**What is being asked**
Below this line is the material. Write out only its lines from the one containing "첨부파일참고 : 경제인문사회연구회 이사장 임명장 수여식 (최종, 배포).hwp" through the one containing "吉林二人转专场文艺演出惊艳日喀则市第十七届珠峰文化旅游节", both kept, exactly.

**Data under study**
=== Begin Enclosure ===
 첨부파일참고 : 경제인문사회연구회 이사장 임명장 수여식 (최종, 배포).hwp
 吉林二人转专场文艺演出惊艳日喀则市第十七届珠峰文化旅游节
=== End Enclosure ===
=== Begin Enclosure ===
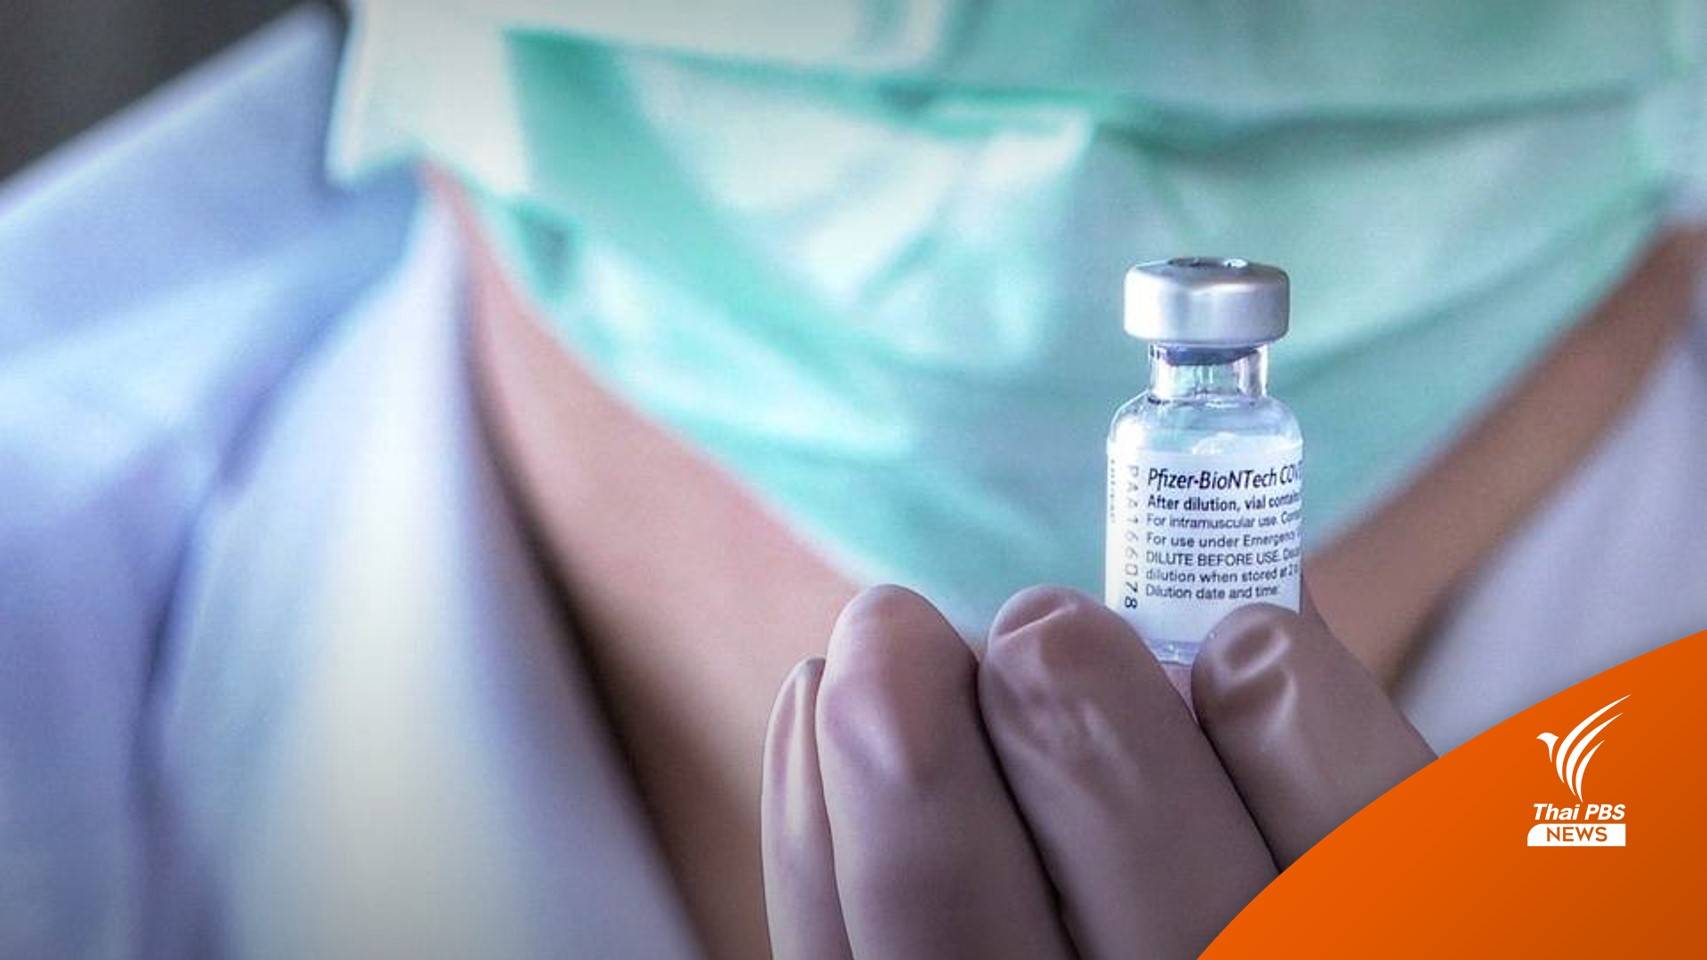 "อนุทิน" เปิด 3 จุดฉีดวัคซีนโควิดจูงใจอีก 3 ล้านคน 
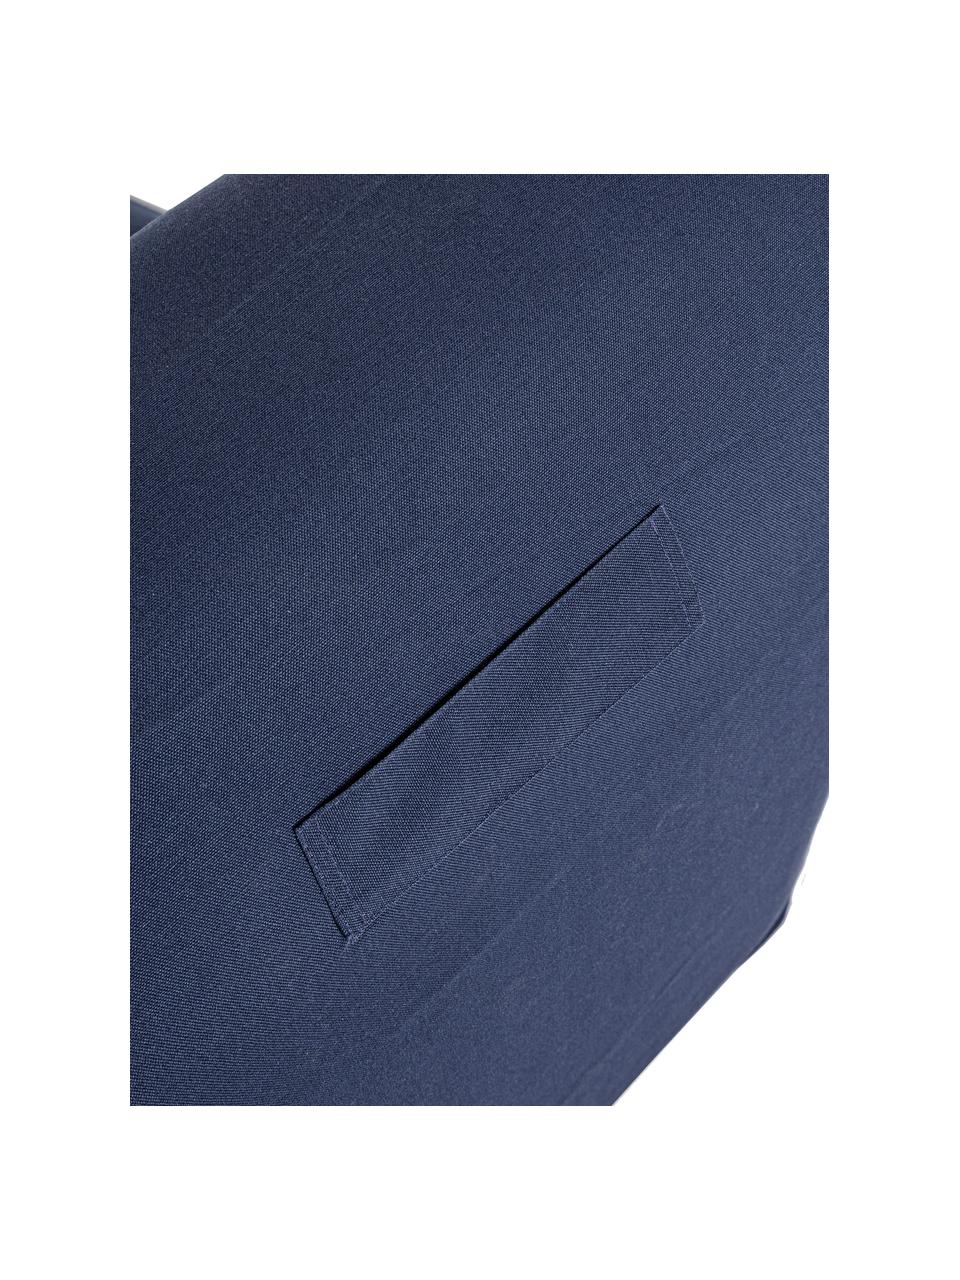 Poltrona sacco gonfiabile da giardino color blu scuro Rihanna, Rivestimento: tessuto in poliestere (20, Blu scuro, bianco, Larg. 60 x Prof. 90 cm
=== End Enclosure ===
=== Begin Enclosure ===
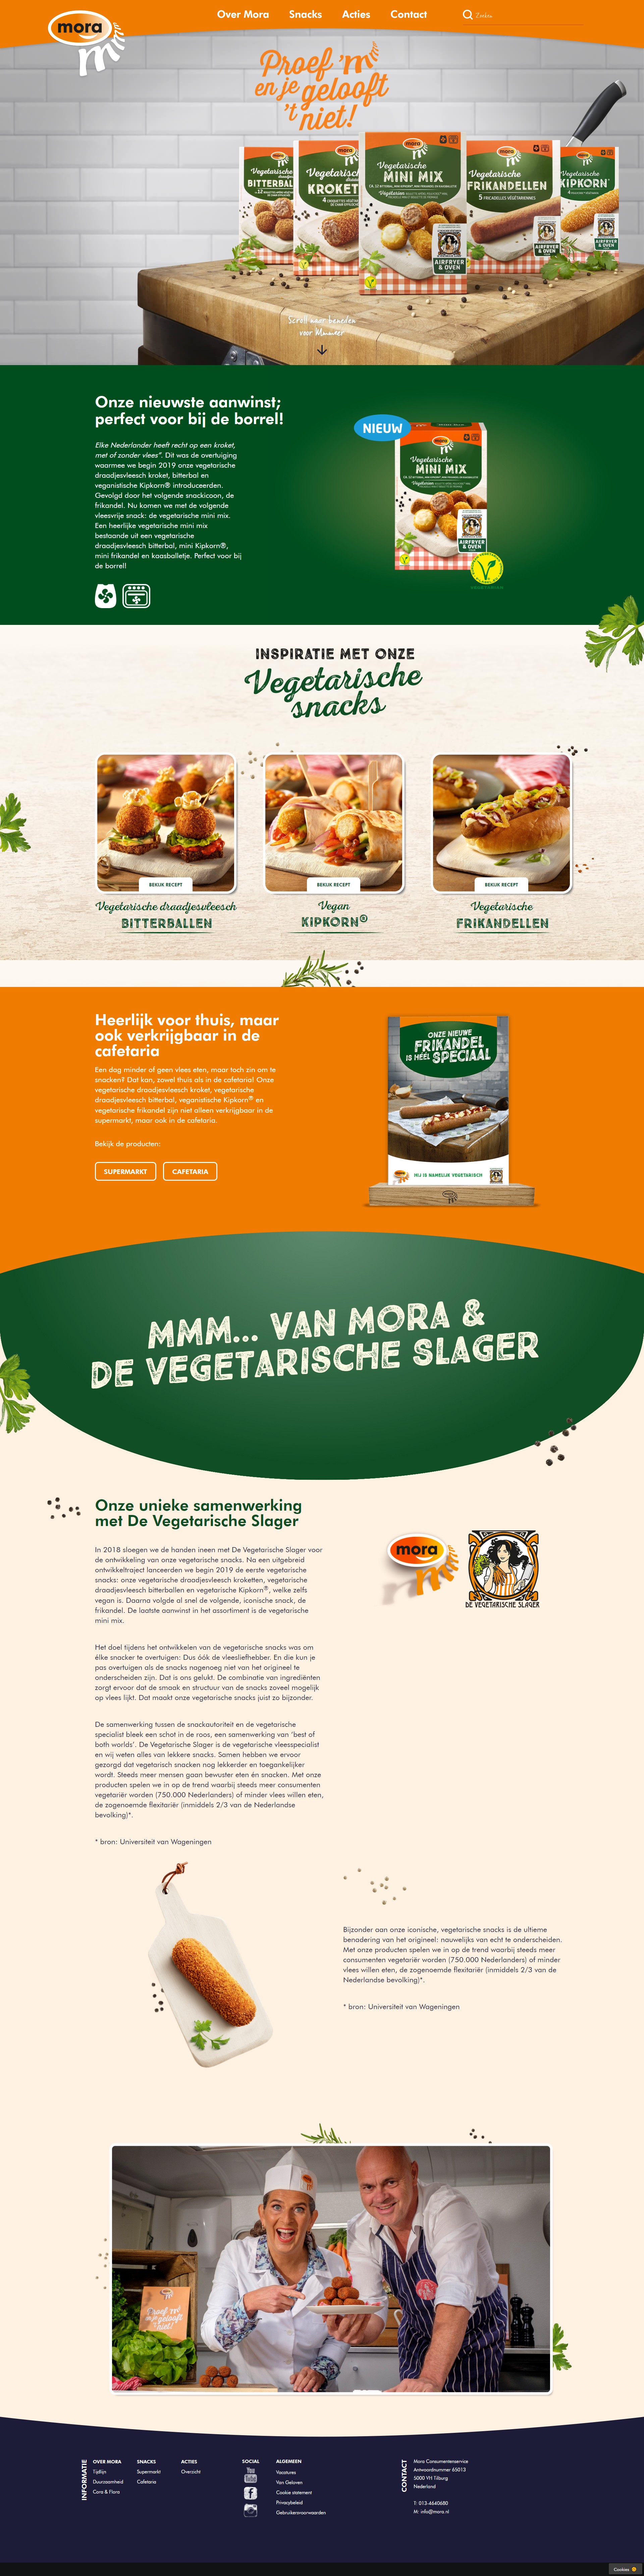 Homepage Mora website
=== End Enclosure ===
**Expected answer**
 첨부파일참고 : 경제인문사회연구회 이사장 임명장 수여식 (최종, 배포).hwp
 吉林二人转专场文艺演出惊艳日喀则市第十七届珠峰文化旅游节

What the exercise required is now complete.